→ **The task**
Without the images, repeat every line of the listing verbatim.

→ **Recorded information**
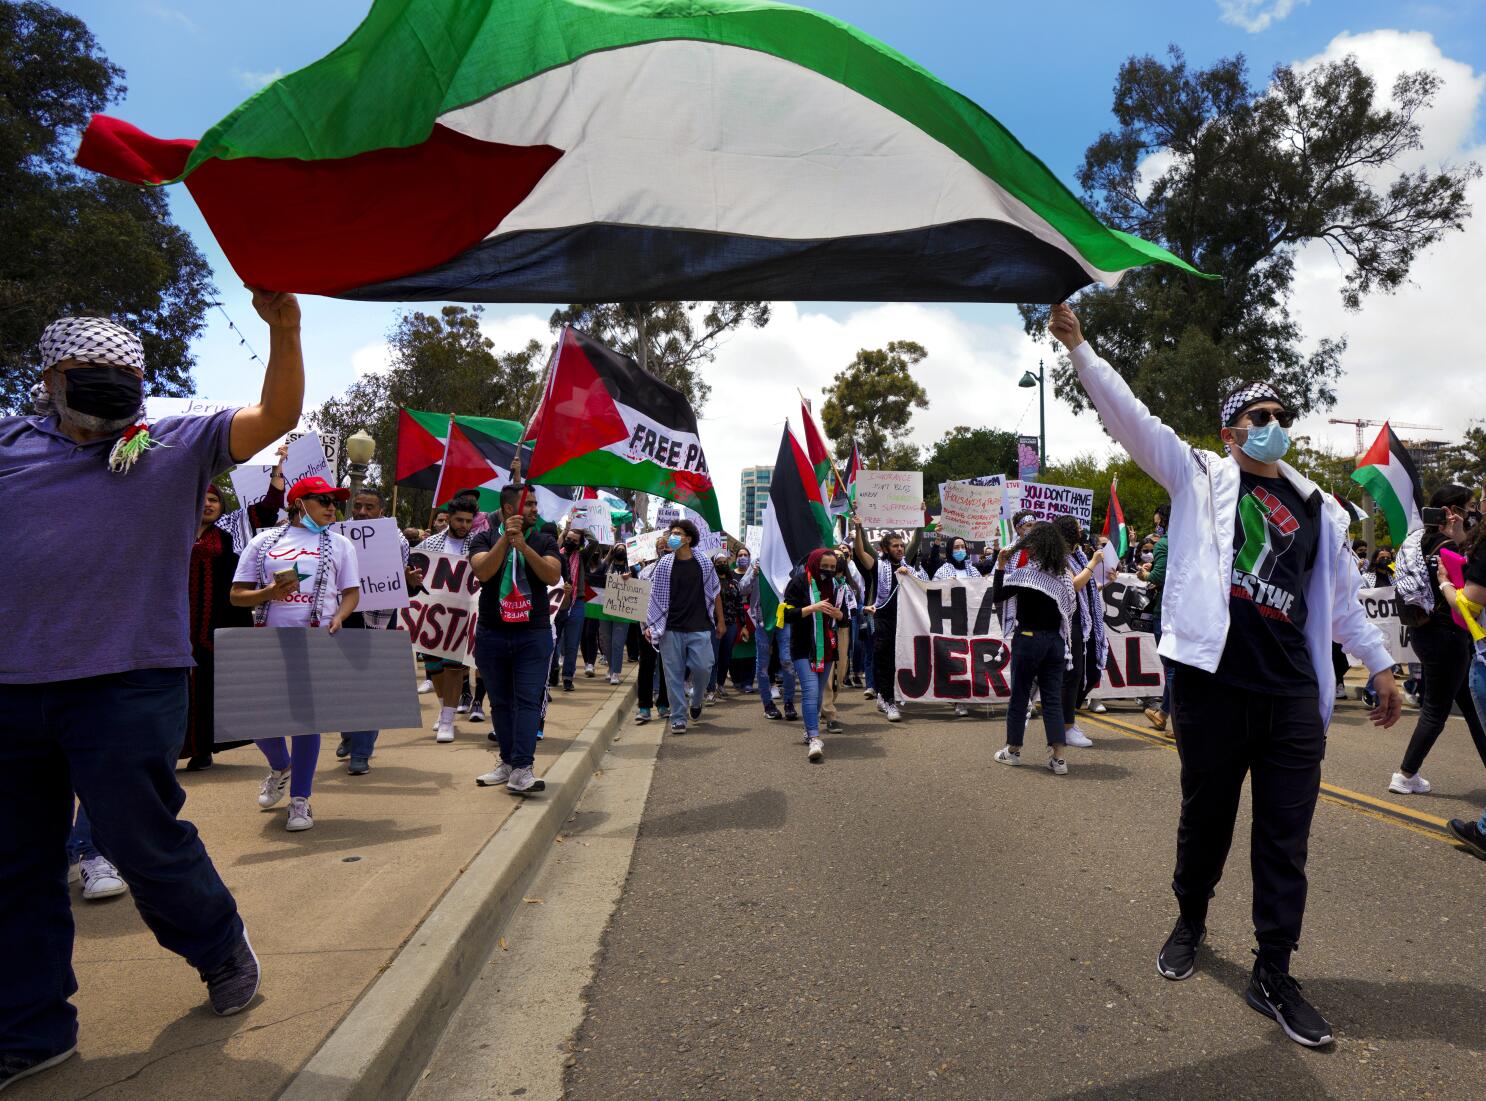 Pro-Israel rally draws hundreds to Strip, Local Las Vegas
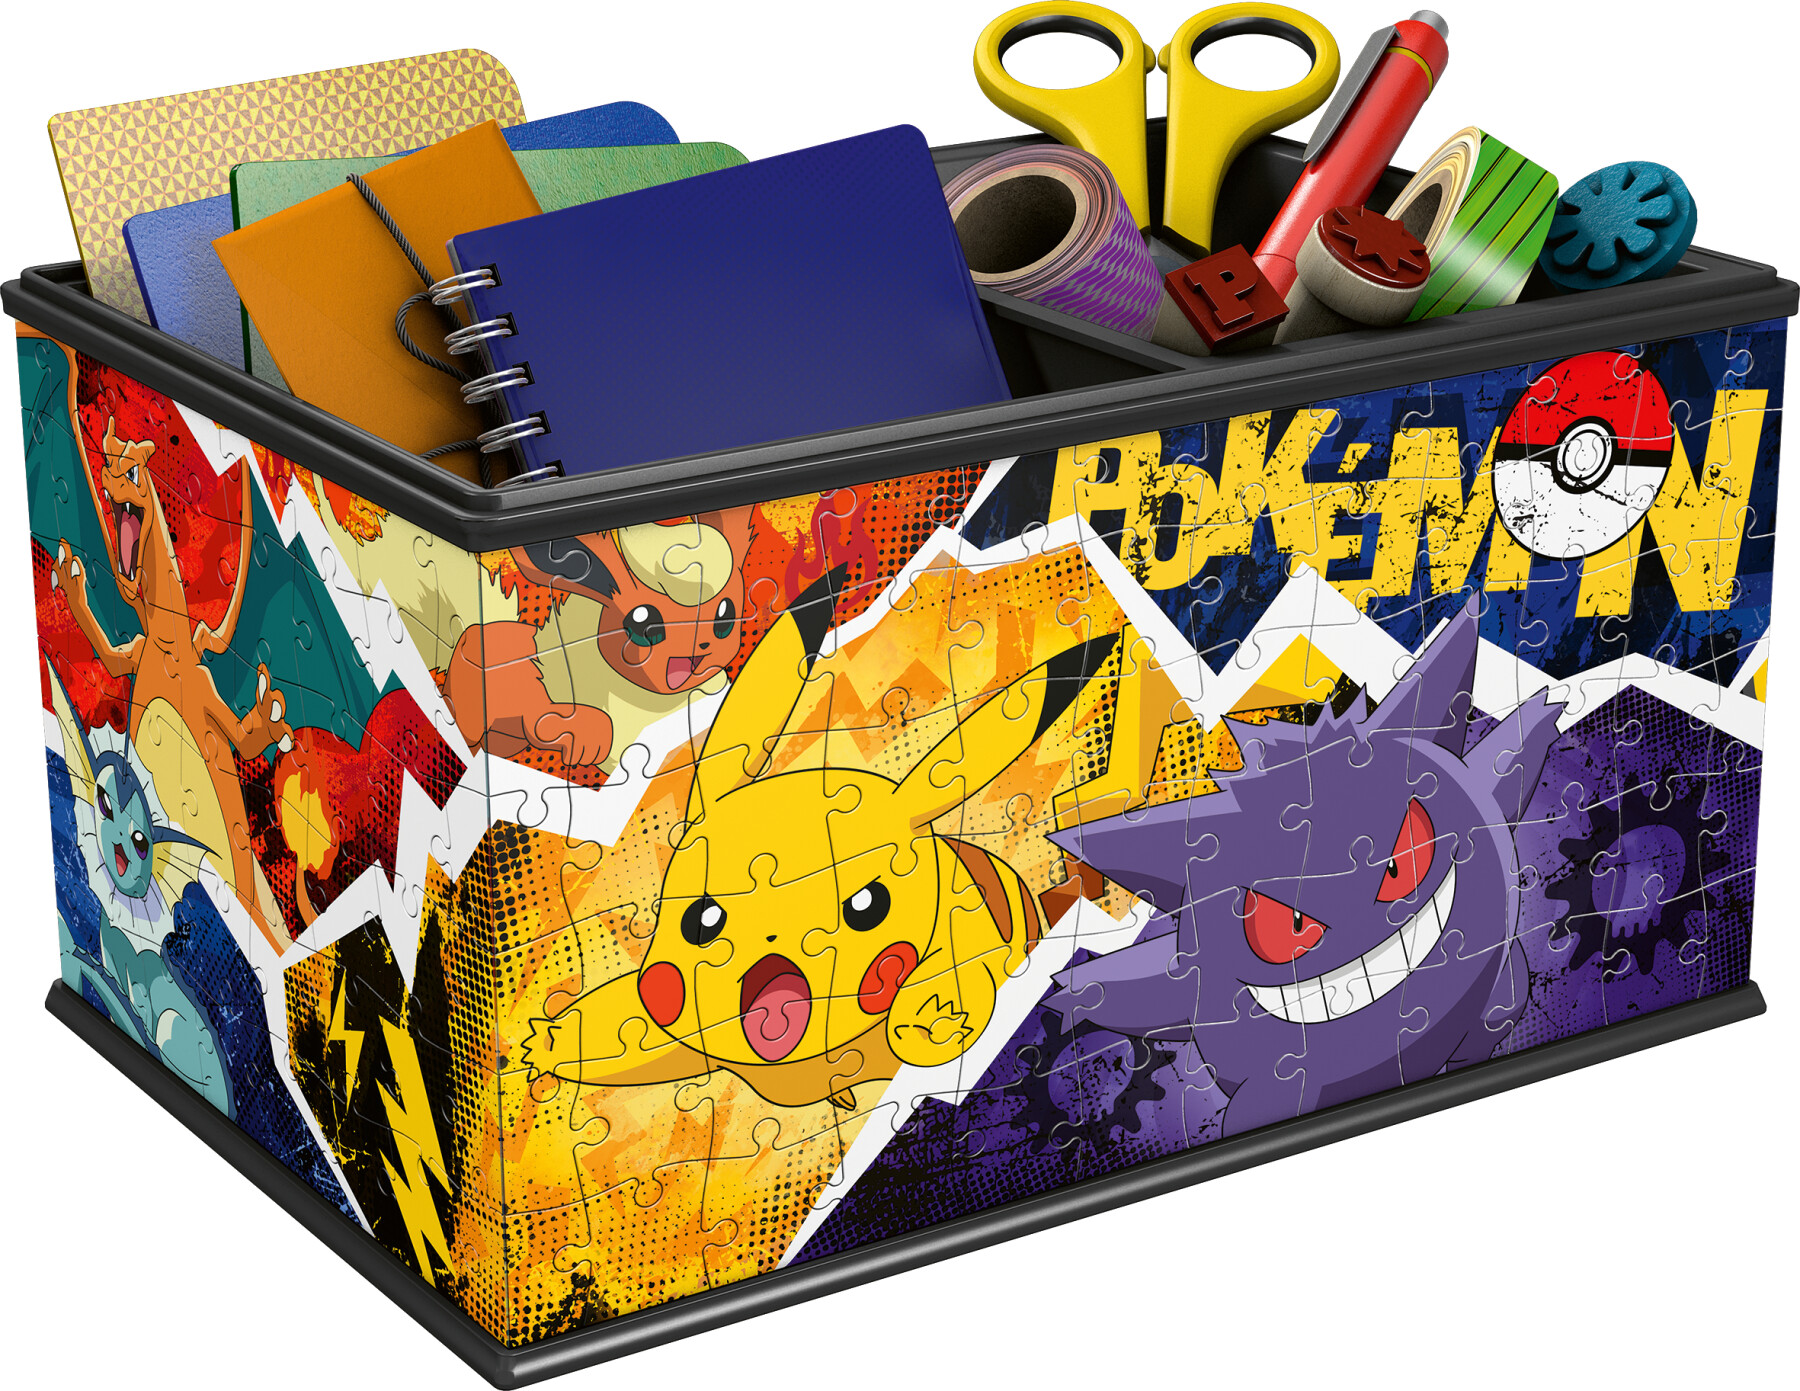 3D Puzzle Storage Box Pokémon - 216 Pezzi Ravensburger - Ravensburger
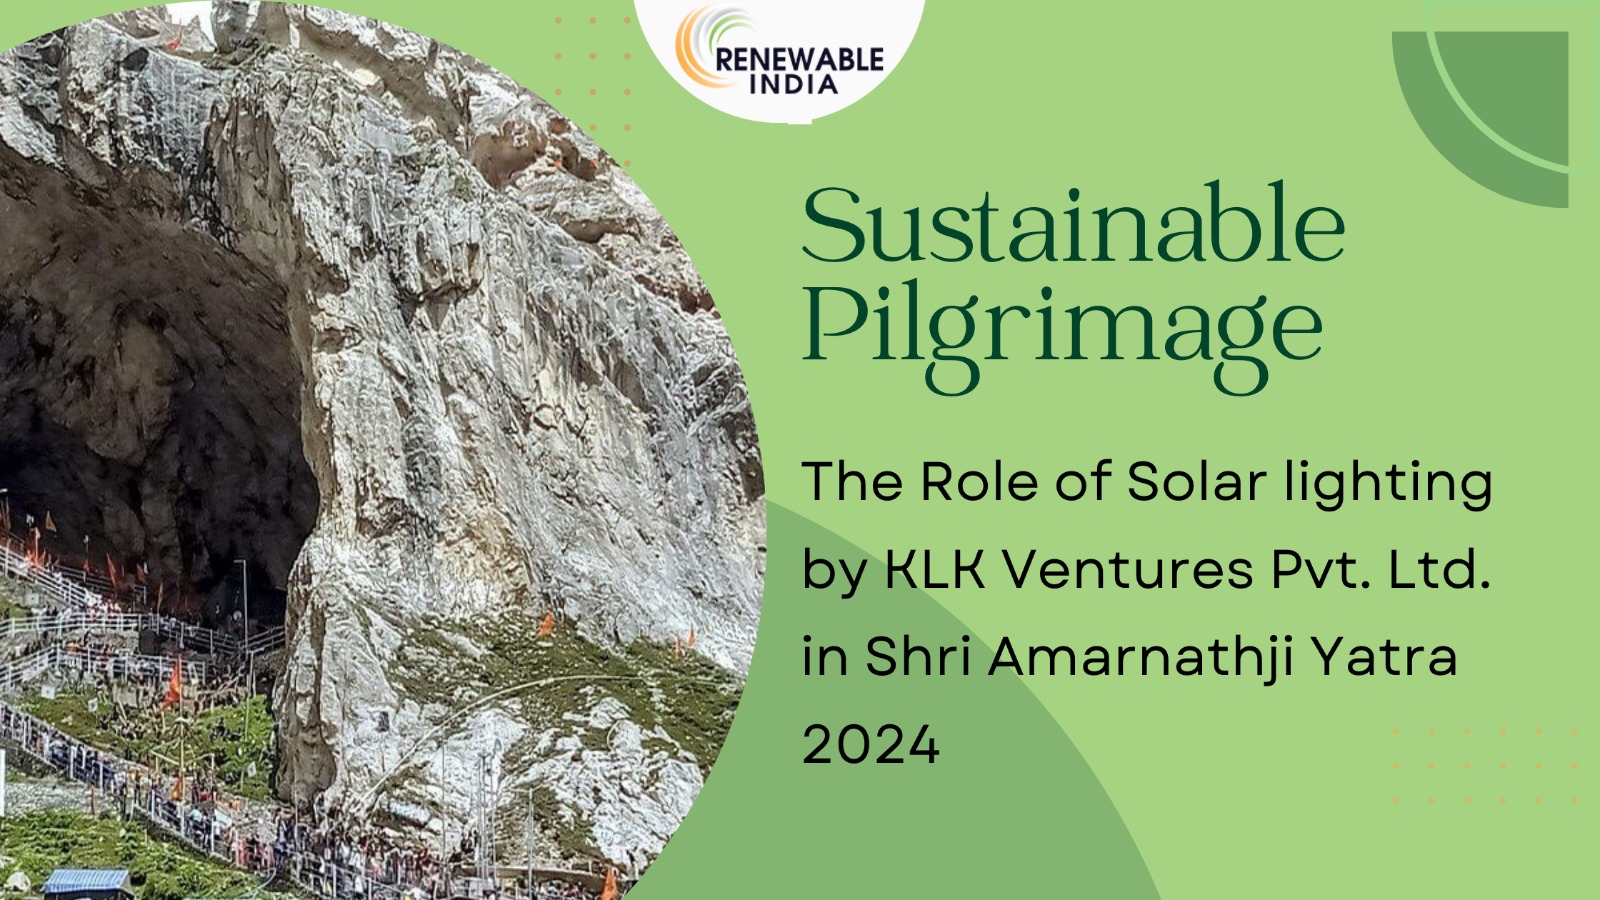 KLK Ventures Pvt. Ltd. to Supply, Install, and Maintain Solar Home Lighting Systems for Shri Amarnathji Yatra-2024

→ **Output**
 Pro-Israel rally draws hundreds to Strip, Local Las Vegas
 3D Puzzle Storage Box Pokémon - 216 Pezzi Ravensburger - Ravensburger
 KLK Ventures Pvt. Ltd. to Supply, Install, and Maintain Solar Home Lighting Systems for Shri Amarnathji Yatra-2024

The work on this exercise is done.